Wo meint ihr, steht ihr als Galeristinnen bezogen auf die Vermittlung von Kunst?
AS:
Die Außenwelt verändert sich so stark durch die Digitalisierung. Alle Branchen müssen sich ändern. Aber auch die Kunstwelt muss sich anpassen. Das klassische Galeriensystem – also Galerien mit festem Raum und Künstlerstamm – hat jahrelang gut funktioniert, aber wahrscheinlich ist jetzt die Zeit, dass es sich öffnen und ändern kann, weil das Publikum ein anderes ist. Junge Leute haben heutzutage ganz andere Zugänge, wie sie Kunst finden. Wo sie Kunst finden und wie sie sich damit beschäftigen. Man muss sich dann auch als Galerie überlegen, was dann passt. Es ist unsere Aufgabe als Galeristen, die Kunst zu vermitteln. Es geht eher darum, die Kunst in die Welt zu bringen. Deshalb muss man sich überlegen, wie man etwas vermitteln kann. Kunst ist ein Luxusgut, mit dem viele Menschen nichts anfangen können, aber man darf es dann eben nicht ausschließen, sondern muss die Leute heranführen. Man muss sich Zeit nehmen.

Good to talk 2017, Saturday Night ©Eike Walkenhorst.

Dann ist „Good To Talk“ ja der ideale Ort, um mal in die Kunstwelt reinzuschnuppern?
JN:
Es geht darum, ganz viel zu lernen. „Good To Talk“ besteht auch deshalb aus so verschiedenen Talks, weil somit die unterschiedlichen Bereiche gefüllt werden. Kunst ist ja nicht nur in eine Richtung. Nicht nur Malerei an der Wand. Jeder Galerist oder jeder Künstler hat eine andere Vorstellung von Kunst. Man bekommt einen guten Überblick, wie vielfältig Kunst eigentlich ist. Und ehrlich gesagt, ist es doch wunderbar, vormittags gehst du dahin, hörst ein paar Talks, triffst ein paar Freunde, isst einen super köstlichen Burger, lauscht den Panels, lernst viel dazu und ab 24 Uhr gibt’s ne After Party. Direkt am Berghain. Und wenn du richtig clever bist, stellst du dich danach noch in die Schlange. Das ist ein Rundum-Packet. Für 7 Euro Eintritt.

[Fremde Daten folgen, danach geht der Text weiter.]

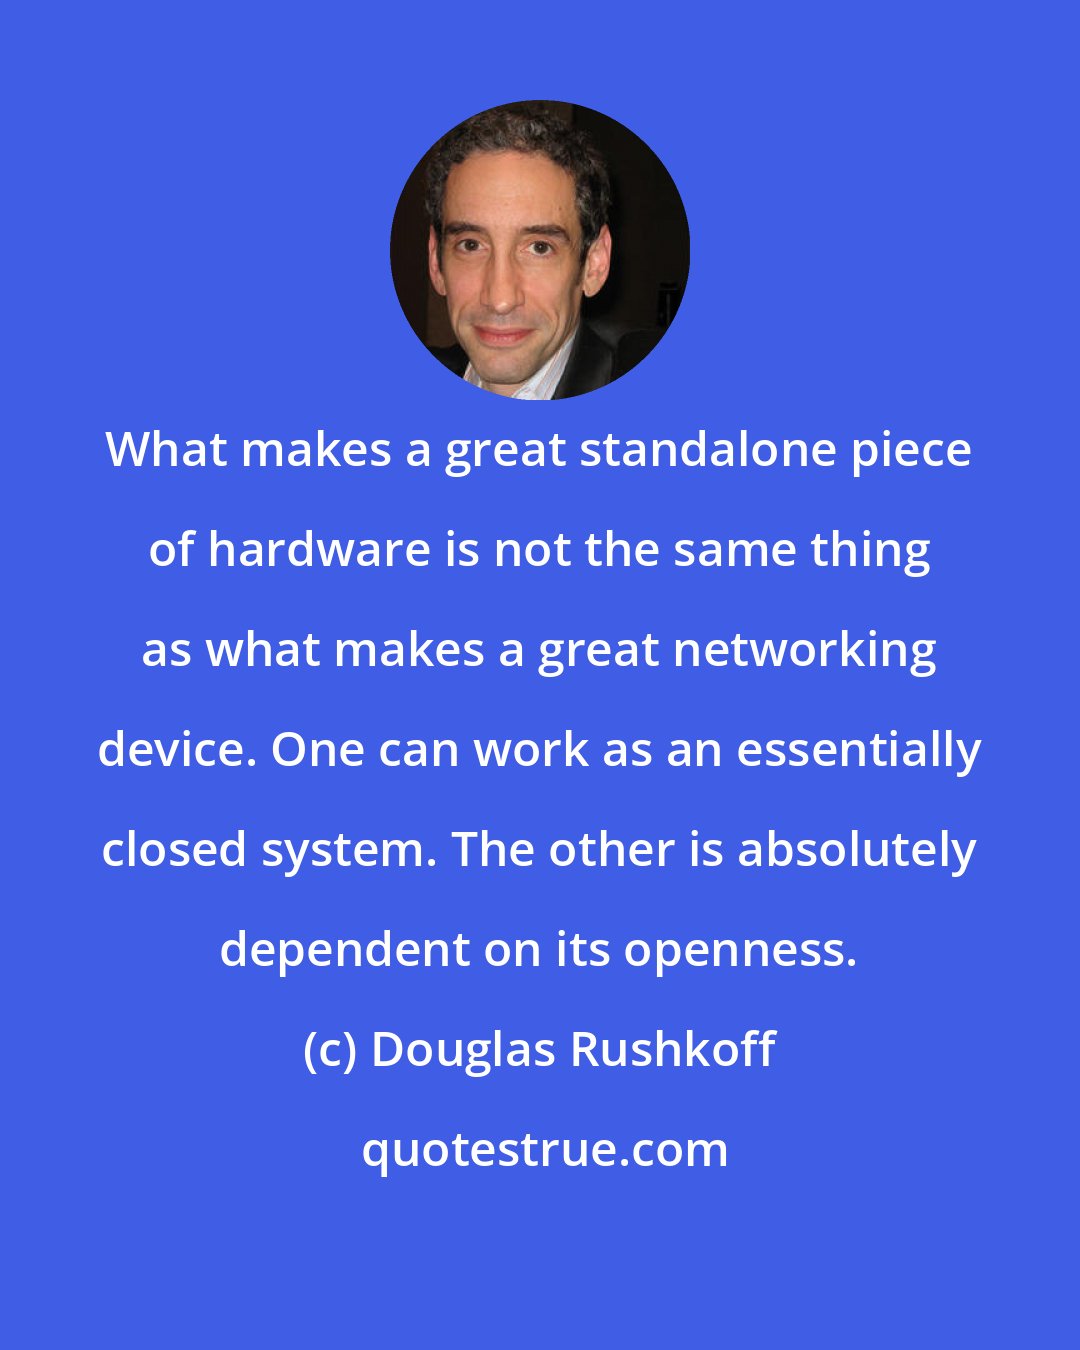 Douglas Rushkoff: What makes a great standalone piece of hardware is not the same thing as what makes a great networking device. One can work as an essentially closed system. The other is absolutely dependent on its openness.

Vielen Dank für das Gespräch!

WANN: „Good To Talk“ beginnt am morgigen Samstag, den 28. September, um 12 Uhr und läuft 12 Stunden bis 24 Uhr. Danach gibts eine After-Party. Das volle Programm könnt ihr hier einsehen. Türen öffnen um 11.30 Uhr.
WO: Kantine am Berghain, Am Wriezener Bahnhof, 10243 Berlin.